Monday, 25 July 2011

The Roman Mysteries: The Man from Pomegranate Street - Caroline Lawrence

I discovered this series when I was in Year 4, so about seven years ago, when I picked up a random book in the mini library in the corner of the classroom and decided to read it. I did manage to get through it, after 3 months - I was an incredible slow reader when I was younger. Anyway, the book I picked up was 5th in this hugely successful series, and it got me hooked.
I got my copy of this book a couple of years ago, knowing it was the last one in the series (17th) and haven't read it since, so when I reached into my cupboard to get a notebook the other day and discovered this, I decided to finish my Roman Mysteries era.

*May Contain spoilers if you have not read the other books in this series*
Synopsis: September AD 81. Returning from Ephesus to Rome, Flavia and her friends learn of the mysterious and sudden death of the Emperor Titus. Was his death natural? Or was it murder? As the four detectives investigate this mystery, they little dream how much their lives—as well as the future of Italia—will be changed as a result.

Review: By looking at the cover of this book above, you instantly think for younger readers. Much younger. One of those mock-ups of ancient historical times so they can learn that, yes, there were other periods of history before the Tudors or Victorians. However, before you judge, hear me out about this book. I admit, there are parts of the book which are more suited to younger children and the fact that I read this series when I was 8/9 and understood it, shows it maybe aimed at younger children. But I am 16 now and I really enjoyed this book, a lot. 

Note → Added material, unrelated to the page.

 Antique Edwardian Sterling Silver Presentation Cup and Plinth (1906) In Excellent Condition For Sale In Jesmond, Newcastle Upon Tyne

It made just a lovely end to a great series and of me was one of the best of The Roman Mysteries. The Roman Mysteries are such a great series because of the way Caroline Lawrence takes you to the Roman times and lets you experience what it is like to live in that era, the pros and cons. There are such unique characters. The main characters of the stories is Flavia, a bossy but clever girl. She lives with Nubia, who she bought as a slave and freed in the first book. Then, there is Jonathan, her Jewish next door neighbour who sees the worse in everything. And lastly, there is Lupus, who used to be a beggar boy as he was mute after someone cut out his tongue. All these create a lovely set of cast that all have different personalities. 
The great thing about this book was it was like a character revival. All the main, good characters from the last books came back at some point in this book, minor and major parts, such as Flaccus, Pulchra, Diana. to name a few. It was nice reunion actually, and helped me remember the events in the last books. 

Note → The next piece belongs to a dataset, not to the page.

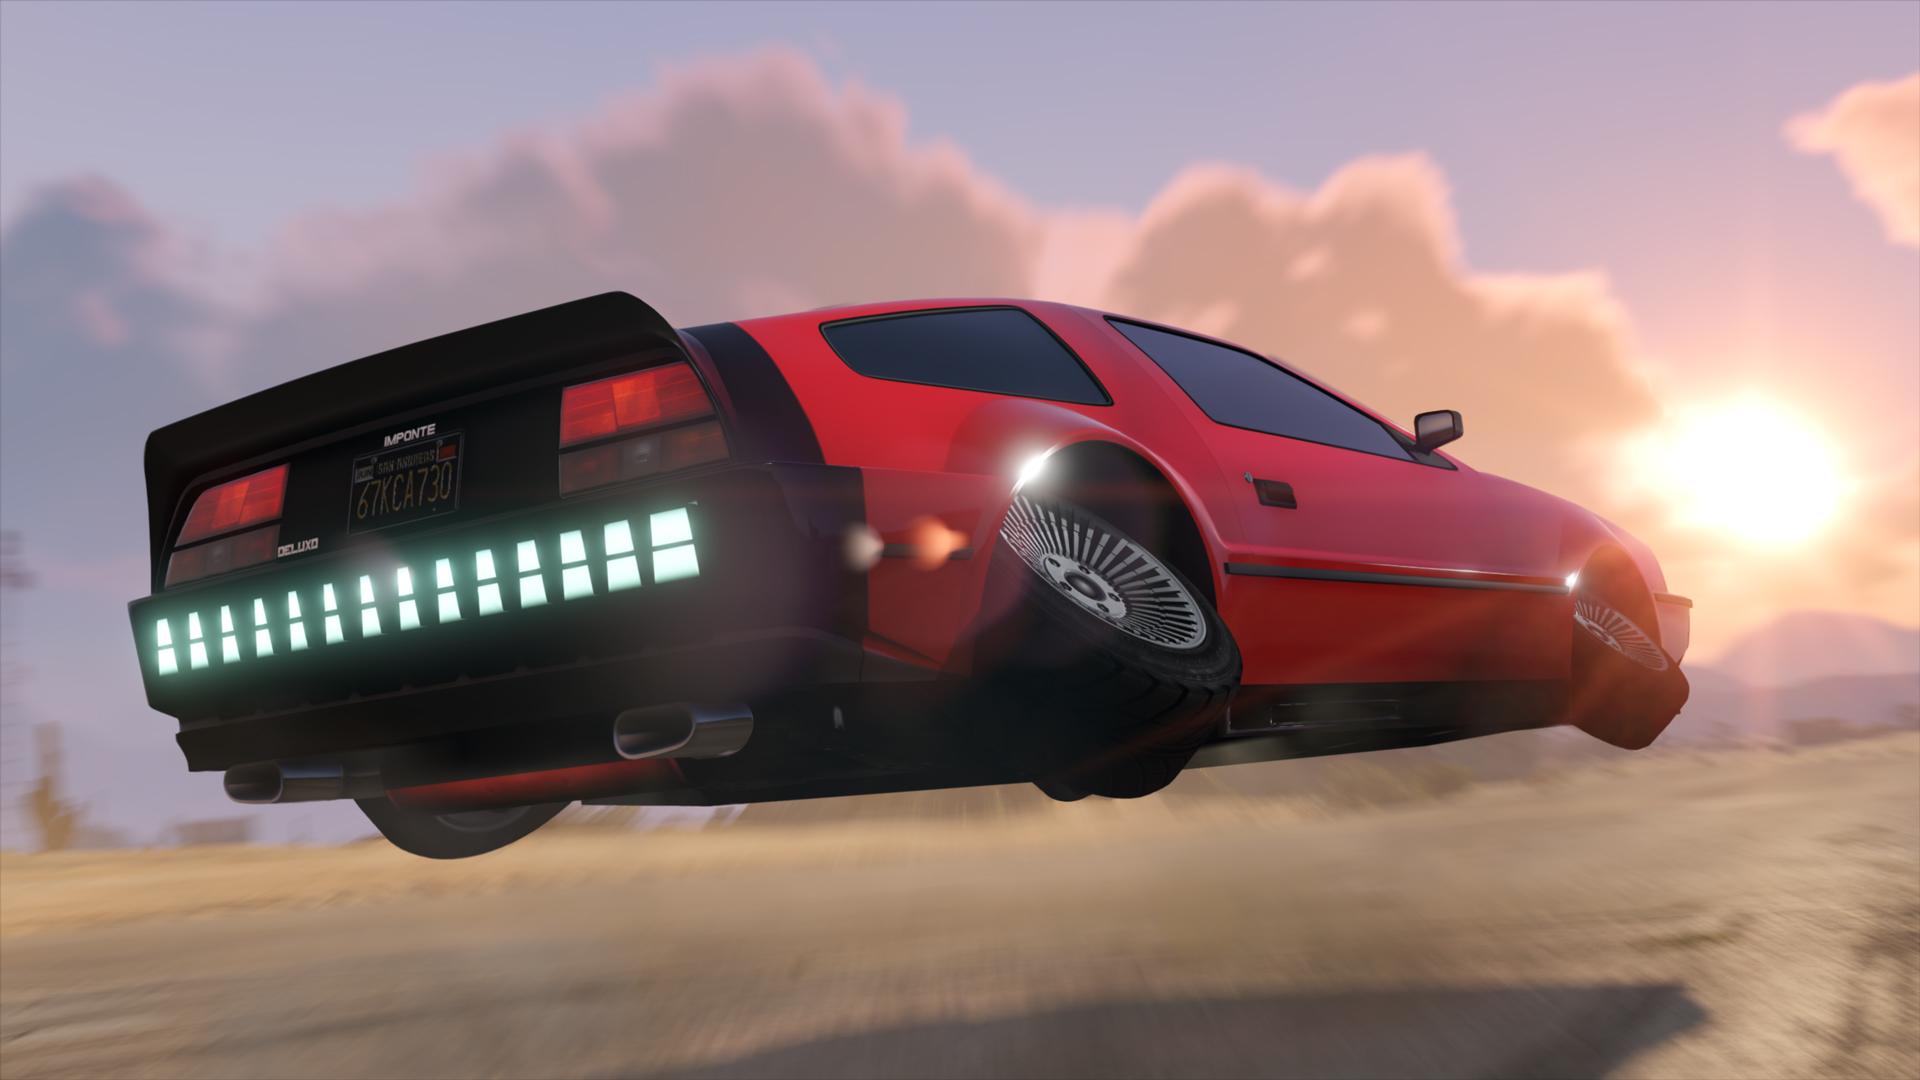 Imponte Deluxo GTA 5 Online Vehicle Stats, Price, How To Get

The language is quite simple compared to other books in this genre but it is densely backed with historical Roman mentions like food, treatments, names of places, old names for things - the list continues. As you read throughout the series, you learn some of the words meanings, and there are descriptions sometimes to help you understand what it is. However, the thing that helps the most is Aristo's Scroll at the back with meanings for the words. Aristo is the handsome, Greek tutor for the children in the book - he is one of my favourite characters in it and appears in nearly all of the books. The chapters normally end on some kind of cliffhanger or decision being made.
There were so many surprises and twists in the story in this one, more than the other books. It really keeps you on your toes and makes it much more exciting. 

The story begins unusually for the Roman Mysteries with Flavia getting ready for her wedding, three years after the Roman Mysteries was set. However, this is kind of a flash forward and then the story begins when Flavia explains their last mystery. It ends by going back to the wedding where you find out who is it she is getting married to which I must say, all Roman Mysteries fans will approve of, I'm sure. The romance between her and the guy she marries is slightly cheesy in my opinion and may not have been said in those days but it fits. Nubia also gets married within the book at one of the most unexpected moments, I must say, although fans will approve of her husband too. 

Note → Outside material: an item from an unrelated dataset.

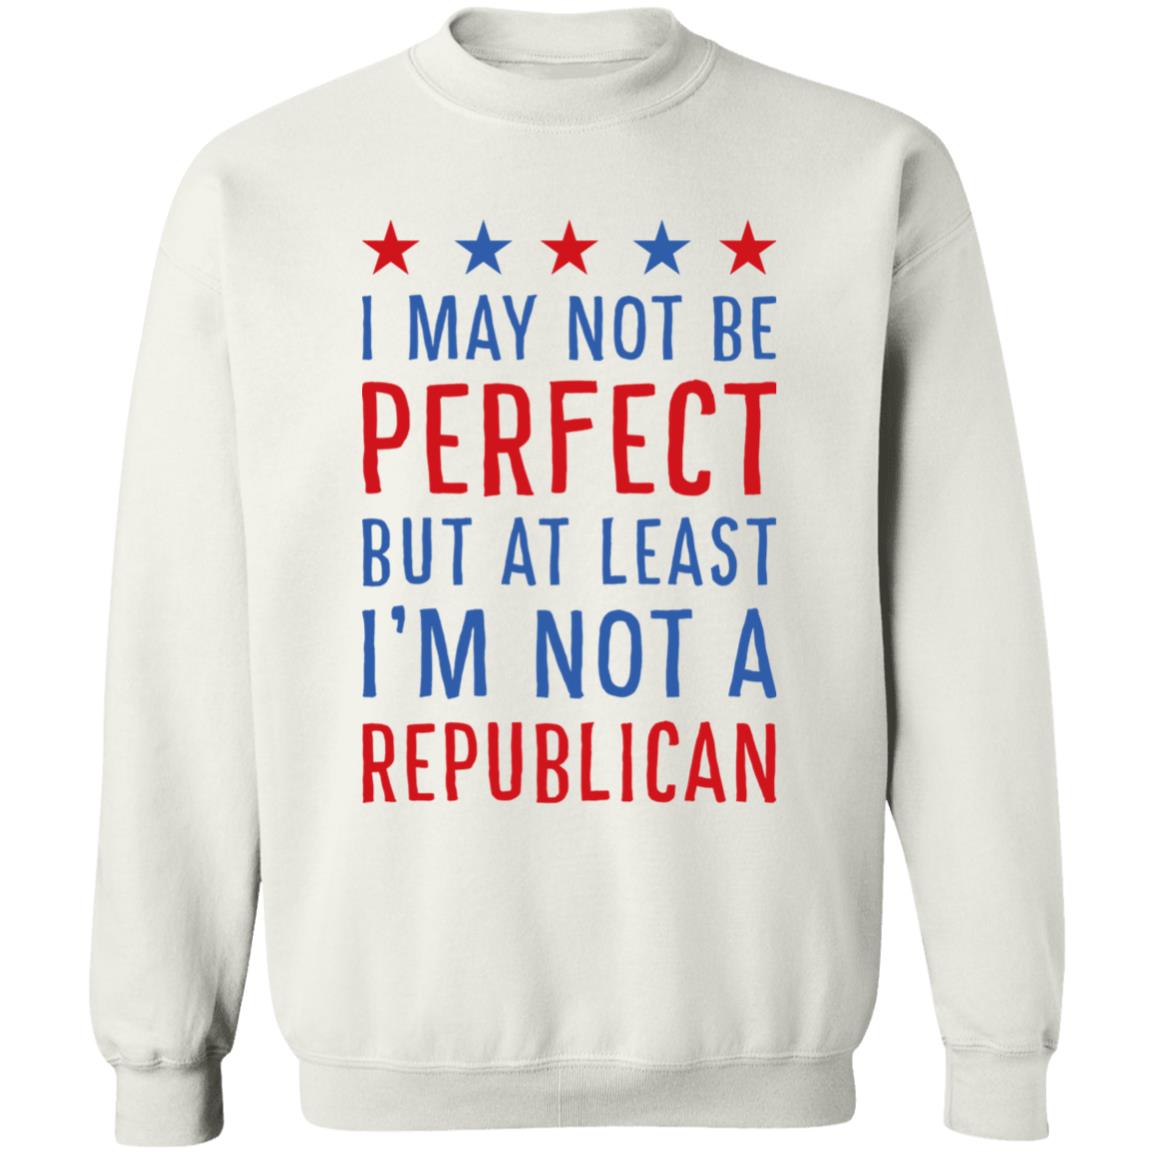 I May Not Be Perfect But At Least I’m Not A Republican Shirt 1

The mystery is nicely done where the reader always thinks they know, and then they are proven otherwise. There have only been a handful of times where I guessed the culprit before the characters did and in this book, that didn't happen at all. The only part that annoys me is that the mystery wrapped up too easily for me, but that may be just me. 
The only downside to these books is Jonathan. I do not like him at all, he gets on my nerves a lot. In this book, I think I enjoyed it more because he wasn't in it until nearer the end and I preferred the conversation of the other three together more than him. This is probably just my opinion but for me, he's too negative and grumbly. 

This is lovely historical book with lots of unique, exciting things to read about with some amazing characters that I have got to know over the last seven years, it is sad to see the end of the series, even with some loose ends still there, although I think I can guess the outcome. I hope they do crop up in other books like Lawrence says in the Author's Note. This is a great end to a great series of books and makes me love the fact I am doing Classical Civilisation in September even more - this book makes me want to revisit the old books in the series. 
Verdict: A lovely end - but read the rest of the books first.

I give it a 5 out of 5

Author's Website:
Pages: 262
Publisher: Orion
Challenges: Historical Fiction Challenge

There was a TV adaptation of these in England for CBBC which was alright.